Alison Pratt, Gethsemane Alison Pratt, Gethsemane
photo Keith Saunders
IN THE BIBLE, GETHSEMANE IS THE PLACE WHERE JESUS CRUMBLES, FOREKNOWING HIS OWN DEATH, FEELING ABANDONED BY HIS GOD. THE RABBLE WILL TURN HIM OVER TO HIS CRUCIFIXION. THROUGH HIS INTENSELY PERSONAL SUFFERING, CHRIST DOES NOT GIVE UP; RATHER, HE GIVES OVER: PEOPLE WILL DO AS THEY WILL DO. THIS FEAT OF ACCEPTANCE IS PROVOCATIVE AND DEEPLY MOVING.

Gerard Brophy’s Gethsemane follows quite a different trajectory. The five textual passages around which the performance is shaped depict snapshots of life, struggle and death in contemporary Calcutta in a journey across the city from dawn to dusk. The musical form winds and unwinds around these passages. I have an image of spirals within channels of decay—like the labyrinthine passages of this ancient 'city of joy,' like a worried angel overlooking a putrefying feast.

Martin del Amo’s first solo dance passage is accompanied by an ascending electronically generated scale which begins in unison but proceeds to divide. His arms and torso—rising, falling, being pulled and propelled—struggle like cells parting ways. The dance becomes thicker, as if spiralling through honey. This is a slow death.

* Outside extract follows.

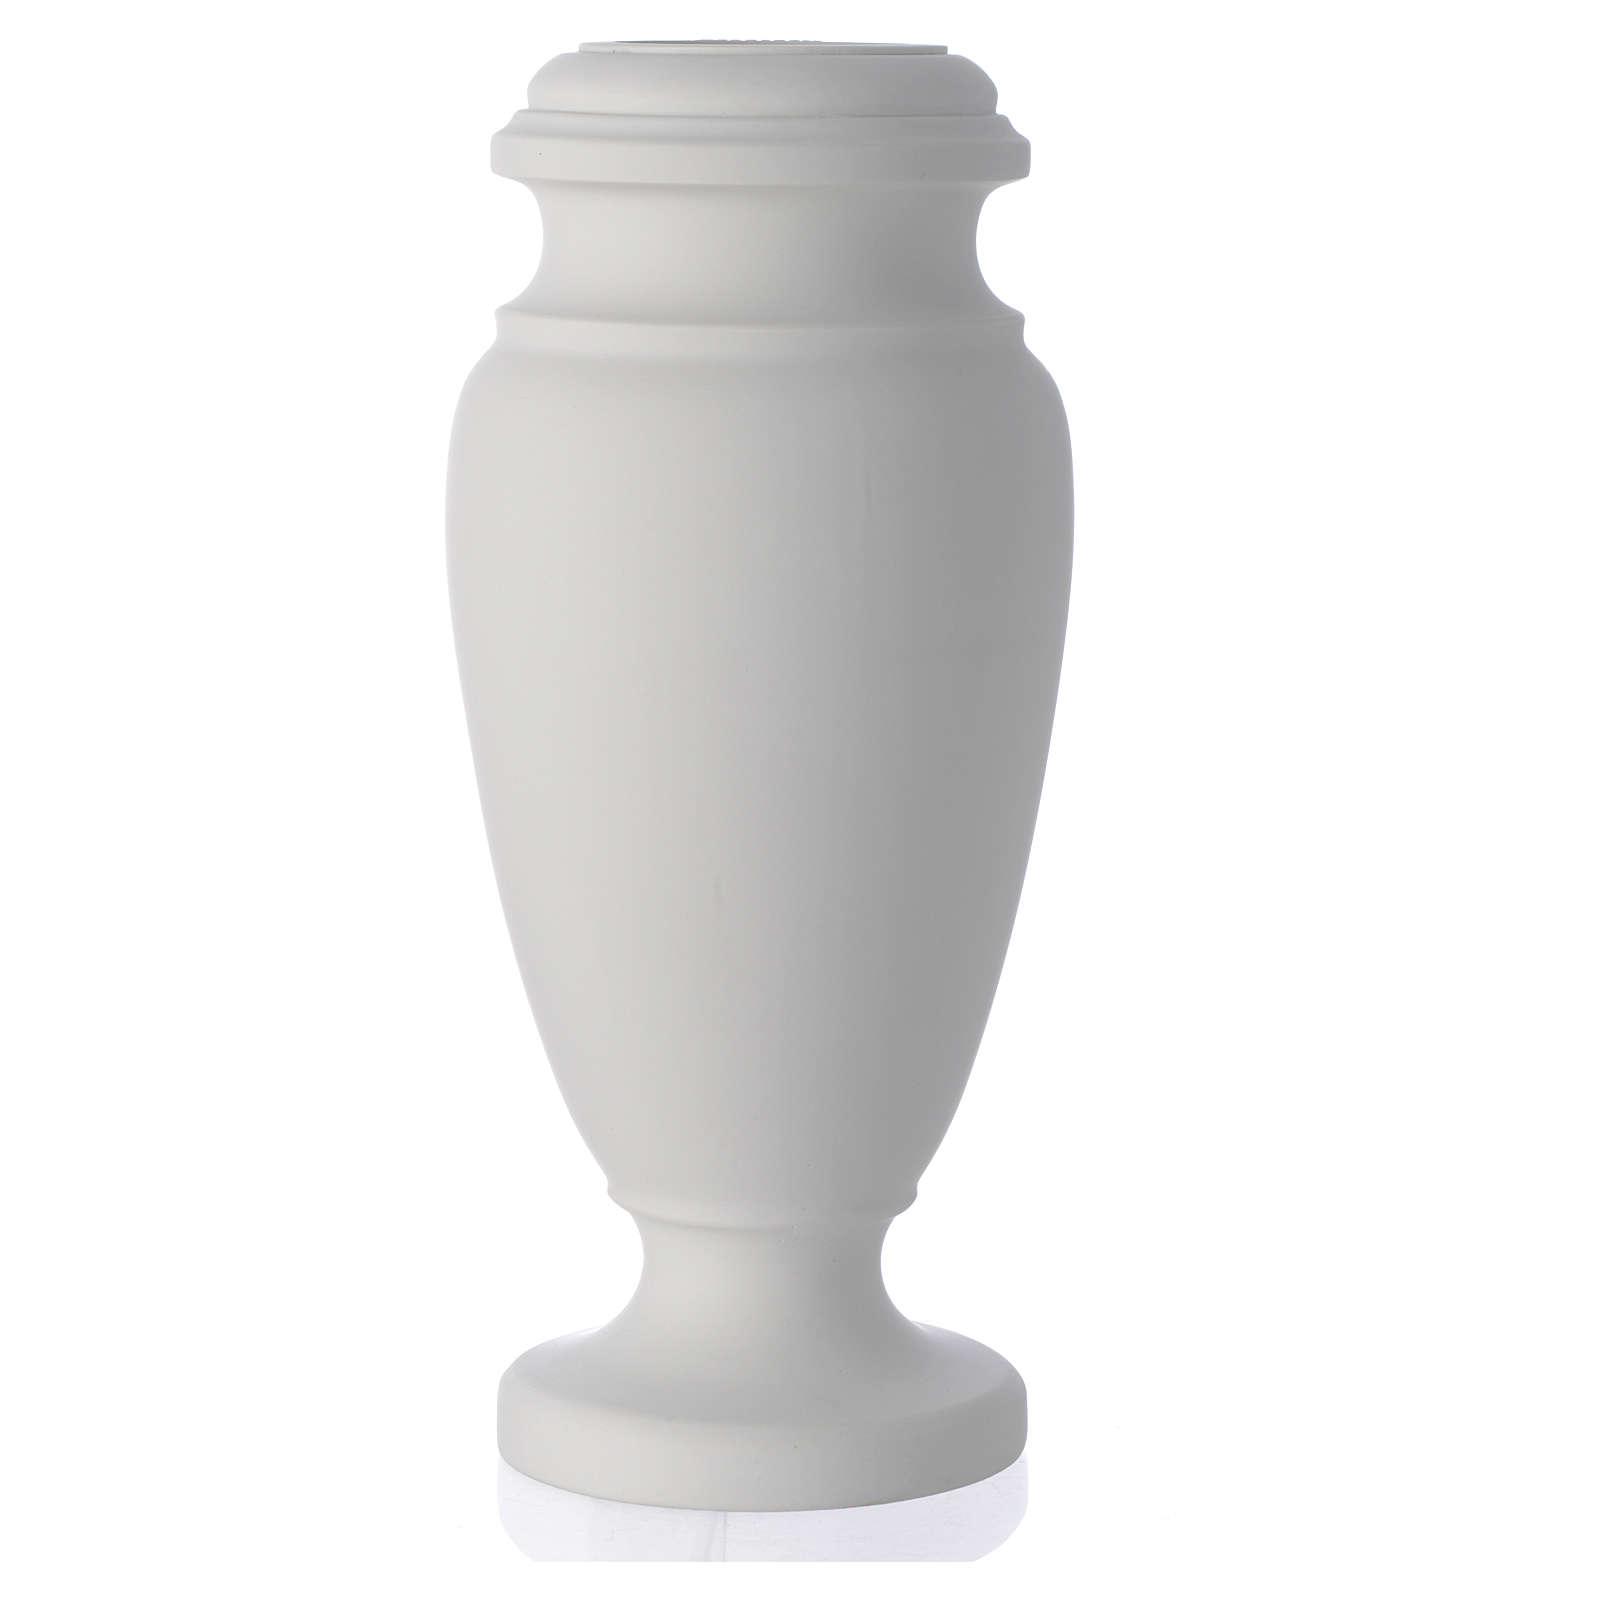 Vaso portafiori per cimitero marmo sintetico 3

A later dance becomes thinner, sowing its struggles in water, thence becoming brittle, as if broken apart in wind. The Song Company as chorus also works its struggles, shuddering and shuffling in alleyways, trembling as if scattered by internal quakes. A final, jagged scavenging, as if trapped within a thin cylinder of breath, is quieted by the blow of conch horns, sounding the gates of hell (or the other place). The soprano saxophone, a cobra’s dance, calls the final chant; the figures become translucent and turn to their deaths.

Throughout, the choir—always exemplary in their vocal work—is comfortable in its motions; for each member their movement decisions seem entirely in place. The choreography as a whole displays an admirable restraint in tone, letting me sit within the experience.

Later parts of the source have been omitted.